There has been a lot of talk lately about big data. What is big data?
Big data is is a collection of data sets so large and complex that it becomes difficult to process using on-hand commonly used software tools or traditional data processing applications. The challenges include capture, governance, storage, search, sharing, transfer, analysis, and visualization.
What is considered "big data" varies depending on the capabilities of the organization managing the data set, and on the capabilities of the applications that are traditionally used to process and analyze the data set in its domain.
Big data sizes are a constantly moving target. As of 2012 ranging from a few dozen terabytes to many petabytes of data in a single data set. With this difficulty, new platforms of "big data" tools are being developed to handle various aspects of large quantities of data.
Every day, we create 2.5 quintillion bytes of data — so much that 90% of the data in the world today has been created in the last two years alone. How does it apply to us and what we do in content management?
The sheer numbers, covered in most enterprise content management (ECM) analyst reports, also extend to all aspects of the information technology sector, prompting developers to create a new generation of software and technology or distributed computing frameworks in an effort to cope with this scalability phenomenon.
Content growth is everywhere. From traditional data warehouses to new consolidated big data stores, IT infrastructure must be ready for this continuing scale; it impacts the entire IT industry, especially ECM.
Content is getting bigger. Applications are growing more complex, challenging IT as never before. How will these changes impact content management technologies? It's difficult to predict exactly, but there are insights to be found and used to plan for the future.
ECM technology is evolving toward a platform-based approach, enabling organizations to make their own content-centric and content-driven applications smarter. Analysts, vendors and users all agree: The time for "out-of-the-box" CMS applications has passed. Now each project can meet specific needs and individual requirements.
Content and data, more often than not, come with embedded intelligence whether through adding custom metadata and in-text information or by leveraging attached media and binary files and it can be utilized, whether structured or unstructured.
This can be observed on many different levels across various domains.
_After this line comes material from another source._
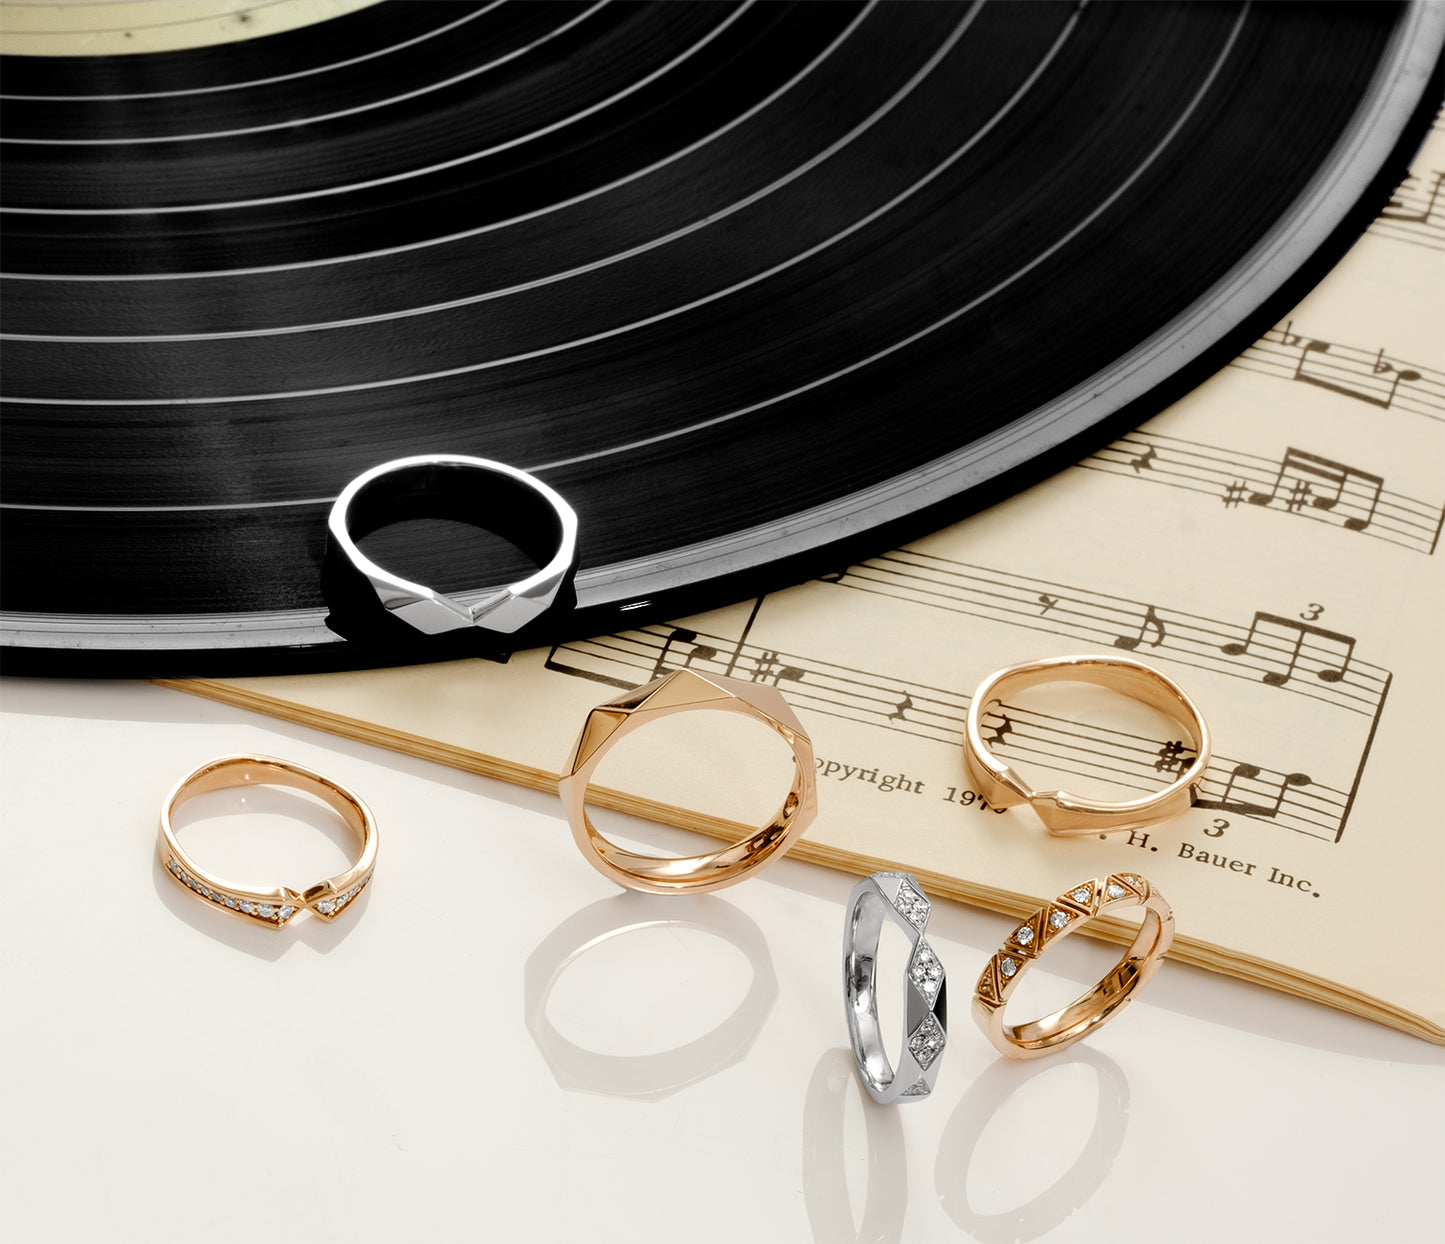 THIALH - ROMAnce • CRYSTAL CHAPEL - Diamond in White Gold Wedding Ring

For instance, the arrival of what some have started to call "Web 3.0": the semantic Web and the related technology that promotes intelligence out of raw content through advancements like semantic text analysis, automated relations and categorization, sentimental analysis, etc. -- effectively, giving meaning to data.
More traditional ECM components, such as workflows, content lifecycle management and flexibility, demonstrate much of the same. Smart content architecture along with intelligent, adaptive workflow and processed or deep integration with the core applications within information systems are all making enterprise content-centric applications smarter and are refining the way intelligence is brought to content.
In short, content is getting smarter on the inside as much as on the outside.
In fact, such disruptive phenomena as Big Data or the new semantic technology on the scene are huge opportunities for enterprise content management solutions. They are bringing new solutions and possibilities in business intelligence, semantic text analysis, data warehousing and caching that require integration into existing content-centric applications, all without rewriting them.
As a result, Big Data and smart content will push more of enterprise content management toward technical features such as software interoperability, extensibility and integration capabilities.
These developments will also demand a clean and adaptive architecture that is flexible enough to evolve as new standards arise to bridge CMS and semantic technologies, as well as connectors, to a back-end storage system or connectors with text-analysis solutions.
This underscores the advancements made in the development of modular and extensible platforms for content-centric applications. Taking the traditional approach of employing large enterprise content management suites that rely on older software architecture will make it harder to leverage these new and nimble opportunities.
In order to get the most value out of smart content and refine methods of dealing with Big Data, enterprise content management architects must incorporate a modern and well designed content management platform upon which to build, one that not only looks at end-user features but stays true to the development side. Enterprise content management will not be reinvented; Big Data and smart content are evolutions, not revolutions, in the industry.
I will continue on this subject in my future posts.